En un Quebec independiente ¿podría gobernar una mayoría no secesionista?

El independentista Partido Quebequés (PQ), que gobernaba en minoría desde 2012, adelantó las elecciones a la vista de sondeos que le auguraban la mayoría absoluta. Pero la entrada en liza de un candidato que puso en primer plano un referéndum sobre la independencia cambió las tornas y, fueron los liberales quienes ganaron por mayoría absoluta el pasado día 7. Ese resultado refleja una característica del electorado quebequés: el 40% de sus habitantes anhela la independencia pero el 65% de entre ellos es contrario a la celebración a corto plazo de un referéndum; porque no es una prioridad y por temor a sus efectos divisorios.
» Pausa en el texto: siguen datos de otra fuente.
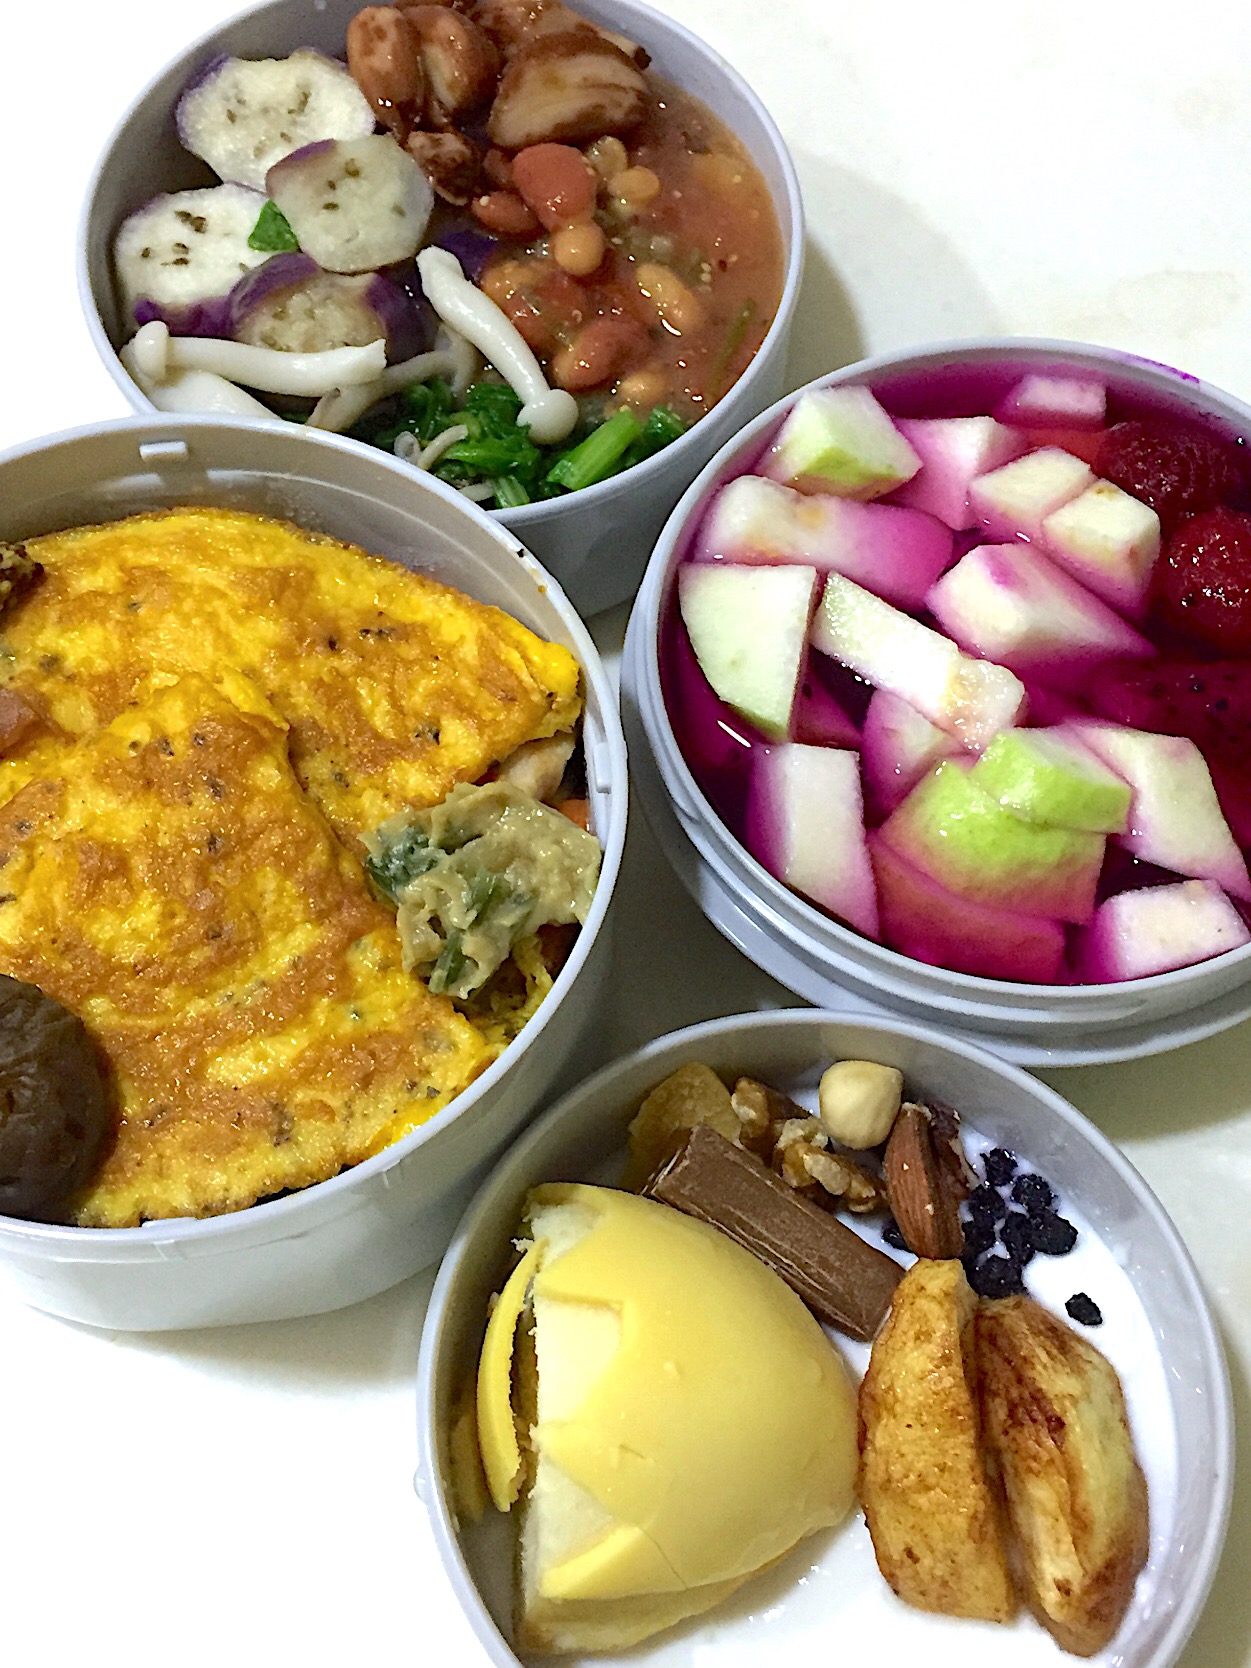 #lunchbox  #autumn  #fruitsalad  #omlette  #beans  #egg  #eggplant  #yougurt  #desert

El PQ había tenido mayoría absoluta, 80 escaños de un total de 125, en las elecciones de 1981, un año después del primer referéndum, en el que el no a la independencia ganó por 60/40; pero en las siguientes bajó a 23 frente a los 99 escaños de los liberales. En 1994, en vísperas del segundo referéndum, que de nuevo ganó el no, por escaso margen, el Partido liberal bajó de 92 a 47 escaños, y los nacionalistas subieron de 29 a 77.

En Escocia, el Partido Nacionalista (SNP), en cuyo programa figuraba un referéndum por la independencia, tuvo que renunciar a convocarlo al quedarse lejos de la mayoría absoluta en 2007. Pero la alcanzó en 2011, pasando de 47 a 69 escaños en una cámara de 129. Eso le permitió negociar con Cameron las condiciones para la celebración del referéndum previsto para septiembre próximo.

En Cataluña, según datos publicados el pasado domingo en La Vanguardia, las preferencias políticas también han oscilado bastante en las dos últimas décadas. Los partidarios del sistema autonómico han bajado del 34% al 18%, mientras que los que defienden el derecho a convertirse en un Estado independiente han subido del 23% al 41%. Es más estable el sentimiento identitario. Los que se consideran solo catalanes han basculado entre el 16% de 1995 y el 25% actual (con una media del 16,3%); más catalanes que españoles se siente entre el 25% y el 27%, y tan catalanes como españoles entre el 45% y el 35% actual, con una media del 39,6%. Los que estiman compatibles, en distinto grado, ambas identidades, siguen suponiendo el 66%: dos tercios de la población.

Esta oscilación muestra que toda mayoría es provisional; pero si hubiera un referéndum y ganase la independencia, sería definitivo o difícilmente reversible. Si en Quebec hubiera ganado el sí en 1995, dudosamente habría podido aflorar ahora esa nueva mayoría antisecesión.

Lo cual plantea un problema de democracia porque, en la práctica, la única alternancia posible tras la separación sería entre fuerzas independentistas. ¿O es que alguien piensa que en, por ejemplo, una Cataluña separada de España, y en plena construcción nacional desde el poder, podría llegar a gobernar un partido o coalición que cuestionase la independencia? ¿No lo impedirían quienes lo considerarían asunto cerrado?